Rama Satyendra Khandwala ( Mehta, 3 December 1926 – 28 October 2021) was India's oldest tour guide and was the oldest living member of the Rani of Jhansi Regiment, formed by Subhas Chandra Bose during India's freedom movement.

== Early life ==
Khandwala was born on 3 December 1926 to an affluent family in Rangoon, Burma (now Yangon, Myanmar) as the fifth of seven siblings. Her grandfather was a doctor and a lawyer. Her mother, Lilavati Chhaganlal Mehta, was the recruiting officer at the Rani of Jhansi Regiment and a part of the Indian Independence League. At the age of 17, Khandwala and her sister Neelam joined the Regiment as sepoys after hearing Bose's speech in Rangoon. She attended a private school where the popular refrain was "Britain shall always rule the waves".

== Career ==
Joining as a Sepoy, Khandwala soon became the Second Lieutenant at the Regiment and led 30 Ranis for two years in Rangoon. Speaking about her experience with Conde Nast Traveller, she said:

My years in the INA were the most precious ones. The training was tough. I was promoted to be a Second Lieutenant and led 30 Ranis. That training still keeps me going. They aren’t going to make any freedom fighter-tour guides anymore, are they?

As a part of the Regiment, she was trained to be a soldier and a nurse. Military training included rifle and bayonet practice, handling machine guns and STEN guns, and defense and attack maneuvers. Medical training included working in general wards and operating rooms.

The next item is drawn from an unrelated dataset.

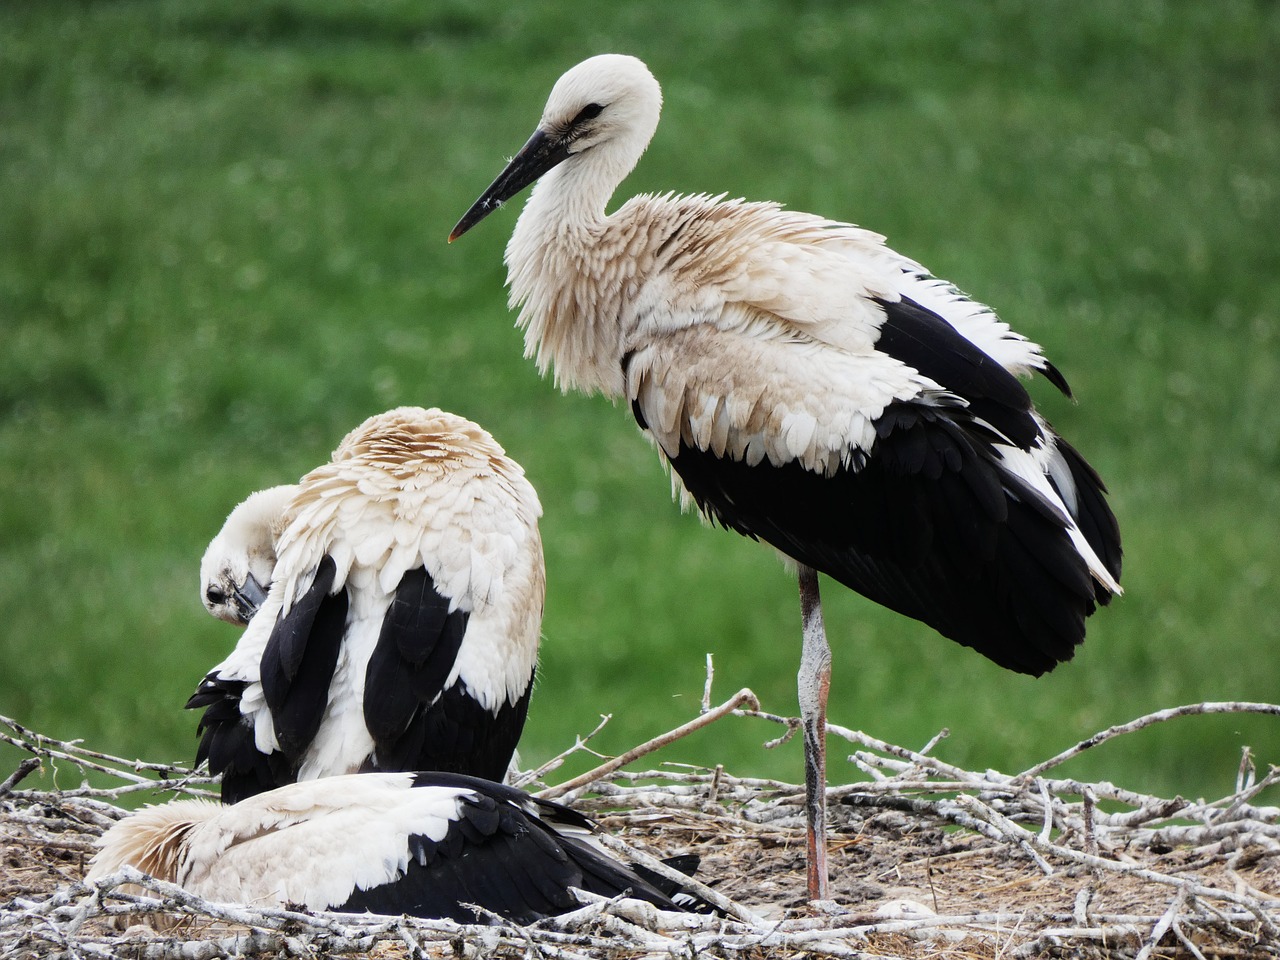 storks nest storchennest free photo

In 1944, she worked as a nurse in a hospital located in Maymyo (now, Pyin Oo Lwin) and almost died in an air raid. After World War II, she and her family were put under house-arrest for six months and later moved to Bombay (now, Mumbai) in 1946. In the initial year, she worked as a secretary in a trading firm, nurse, and a Japanese language translator but she was not very keen on desk jobs. Later, she spotted an advertisement for becoming trained tourist guides and decided to pursue it. She had learned Japanese during their occupation of Burma between 1942 and 1945. She worked as a translator for documentaries created by Japanese television channels, and corporates. During her stint as an interpreter for a Japanese documentary, she met the Dalai Lama and accompanied the King of Bhutan on a hike to Elephanta's Buddhist caves as a guide.

Khandwala served as a tour guide for over 50 years, remaining active into her later years, and was particularly popular with Japanese tourists visiting India. In 2019, she became a TEDx speaker.

== Personal life ==
Khandwala married in Bombay in 1949. Her husband died in 1982, and she had one daughter.

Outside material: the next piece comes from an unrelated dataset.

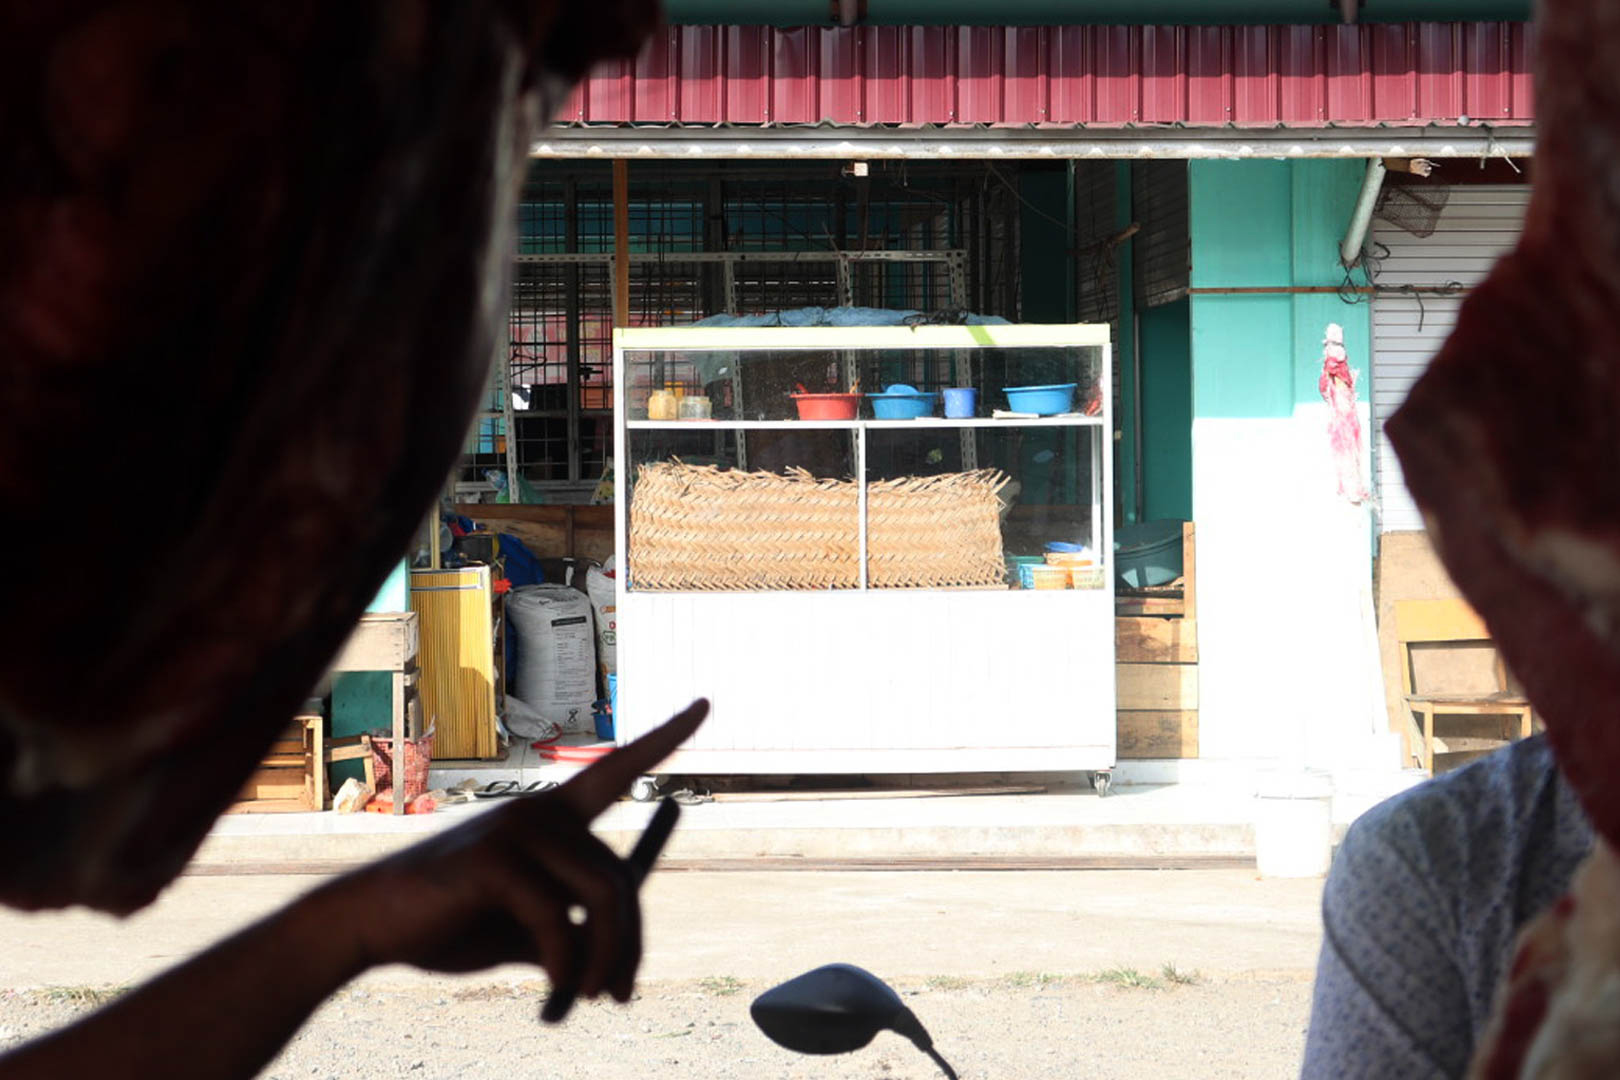 Letak kios bumbu terletak di seberang penjual daging di Pasar Lambaro. Kios bumbu itu bagaikan dapur kedua yang dimiliki Buk Ta sebab semua pengerjaan bumbu ia lakukan di kiosnya.

She died in Mumbai on 28 October 2021, at the age of 94.

== Recognition ==
In 2017, President Ram Nath Kovind felicitated Khandwala with the Best Tourist Guide Award at the National Tourism Awards. On India's 72nd Independence Day, Khandwala inaugurated and was the chief guest at the Indian Film Festival organised by the Films Division, Ministry of Information and Broadcasting.

A documentary film about her wartime experiences, entitled "Elephants do Remember," was released in 2019.